Re: [PATCH v2 6/7] refs: implement partial reference transaction support

Phillip Wood <phillip.wood123@xxxxxxxxx> · Tue, 4 Mar 2025 10:31:23 +0000

Hi Karthik

On 03/03/2025 20:21, Karthik Nayak wrote:
Phillip Wood <phillip.wood123@xxxxxxxxx> writes:
On 25/02/2025 09:29, Karthik Nayak wrote:
Git's reference transactions are all-or-nothing: either all updates
succeed, or none do. While this atomic behavior is generally desirable,
it can be suboptimal especially when using the reftable backend, where
batching multiple reference updates into a single transaction is more
efficient than performing them sequentially.

Introduce partial transaction support with a new flag,
'REF_TRANSACTION_ALLOW_PARTIAL'. When enabled, this flag allows
individual reference updates that would typically cause the entire
transaction to fail due to non-system-related errors to be marked as
rejected while permitting other updates to proceed.
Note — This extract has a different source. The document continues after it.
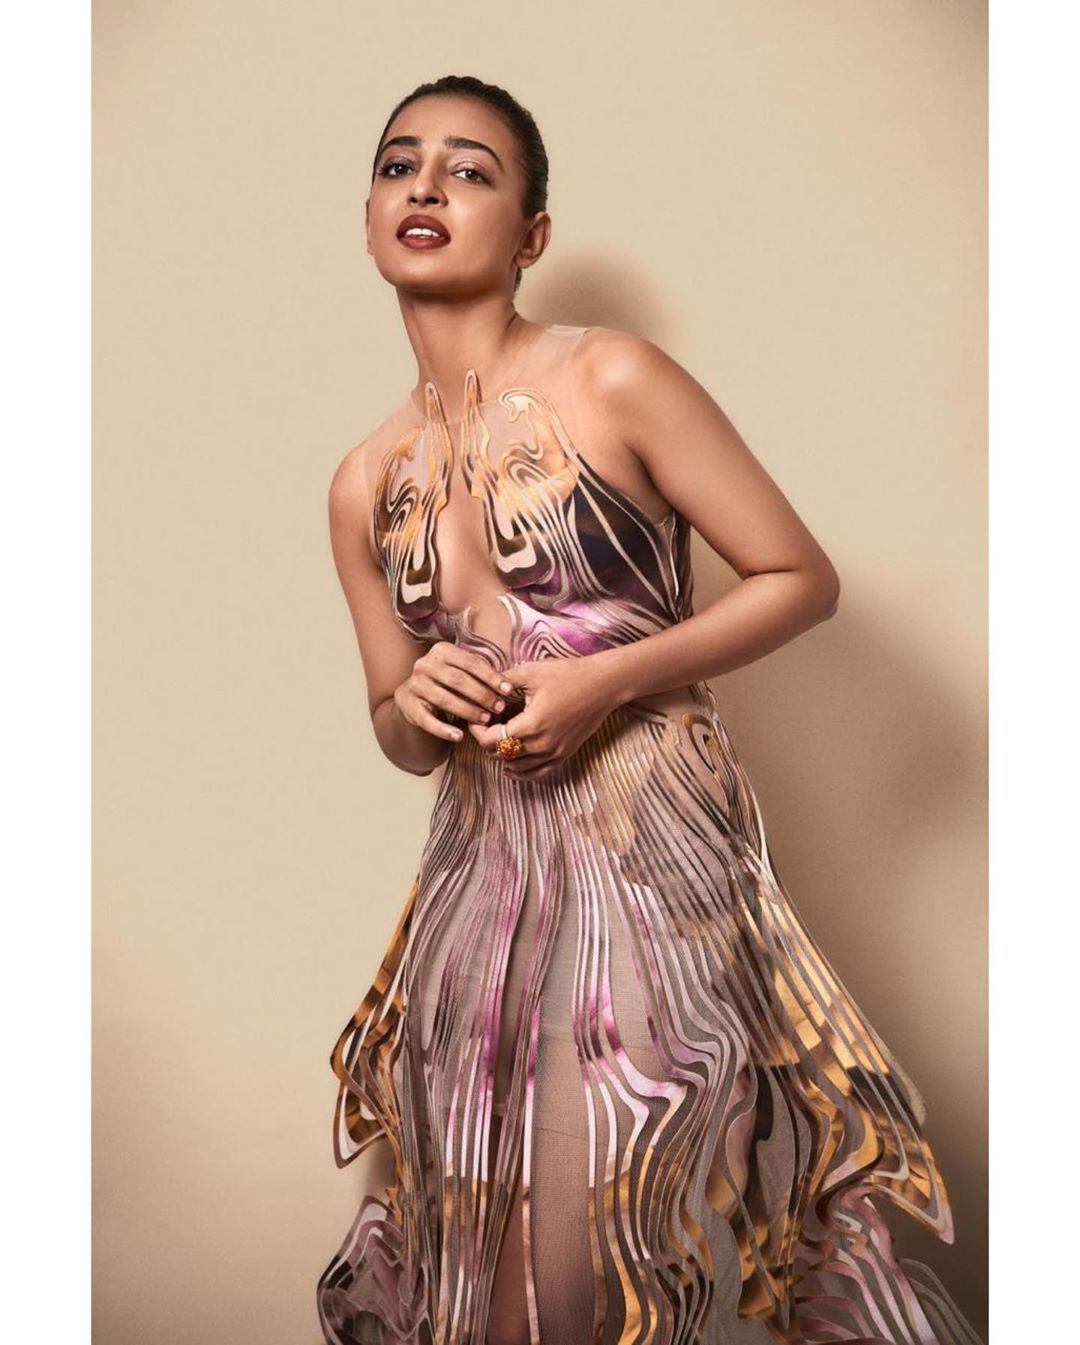 In Pics: Radhika Apte shares a very bold photo in bikini, said- Enjoying lockdown

Non-system-related
errors include issues caused by user-provided input values, whereas
system-related errors, such as I/O failures or memory issues, continue
to result in a full transaction failure. This approach enhances
flexibility while preserving transactional integrity where necessary.

The implementation introduces several key components:

    - Add 'rejection_err' field to struct `ref_update` to track failed
      updates with failure reason.

    - Modify reference backends (files, packed, reftable) to handle
      partial transactions by using `ref_transaction_set_rejected()`
      instead of failing the entire transaction when
      `REF_TRANSACTION_ALLOW_PARTIAL` is set.

    - Add `ref_transaction_for_each_rejected_update()` to let callers
      examine which updates were rejected and why.

I think this is a much better design. I wonder if we want to signal to
the caller of ref_transaction_commit() that there were ignored errors
rather than forcing them to call ref_transaction_for_each_rejected() to
find that out. Another possibility would be to call the callback from
ref_transaction_commit() but that would mean changing the signature of
ref_transaction_begin() to take the callback and user data when
REF_TRANSACTION_ALLOW_PARTIAL is passed.

Yes, I did toy around modifying `ref_transaction_*` at first, but I
think the current implementation is slightly better. Users of the ref
API do not have to worry about complexity of partial transactions unless
they really need to. So in that case, for most users, the API remains
simple and clean, and for specific users who do want partial transaction
support, they can activate it via the flag and use the iterator to
collect the rejections at the end.

That makes sense. I have a slight concern that iterating through the 
errors is O(number of ref updates) rather than O(number of errors). If 
we expect most updates to succeed that it is a shame to have to check 
them all just to see there were no errors. Maybe we could be store the 
errors in a separate list of (update-index, error) pairs to avoid that.

Best Wishes

Phillip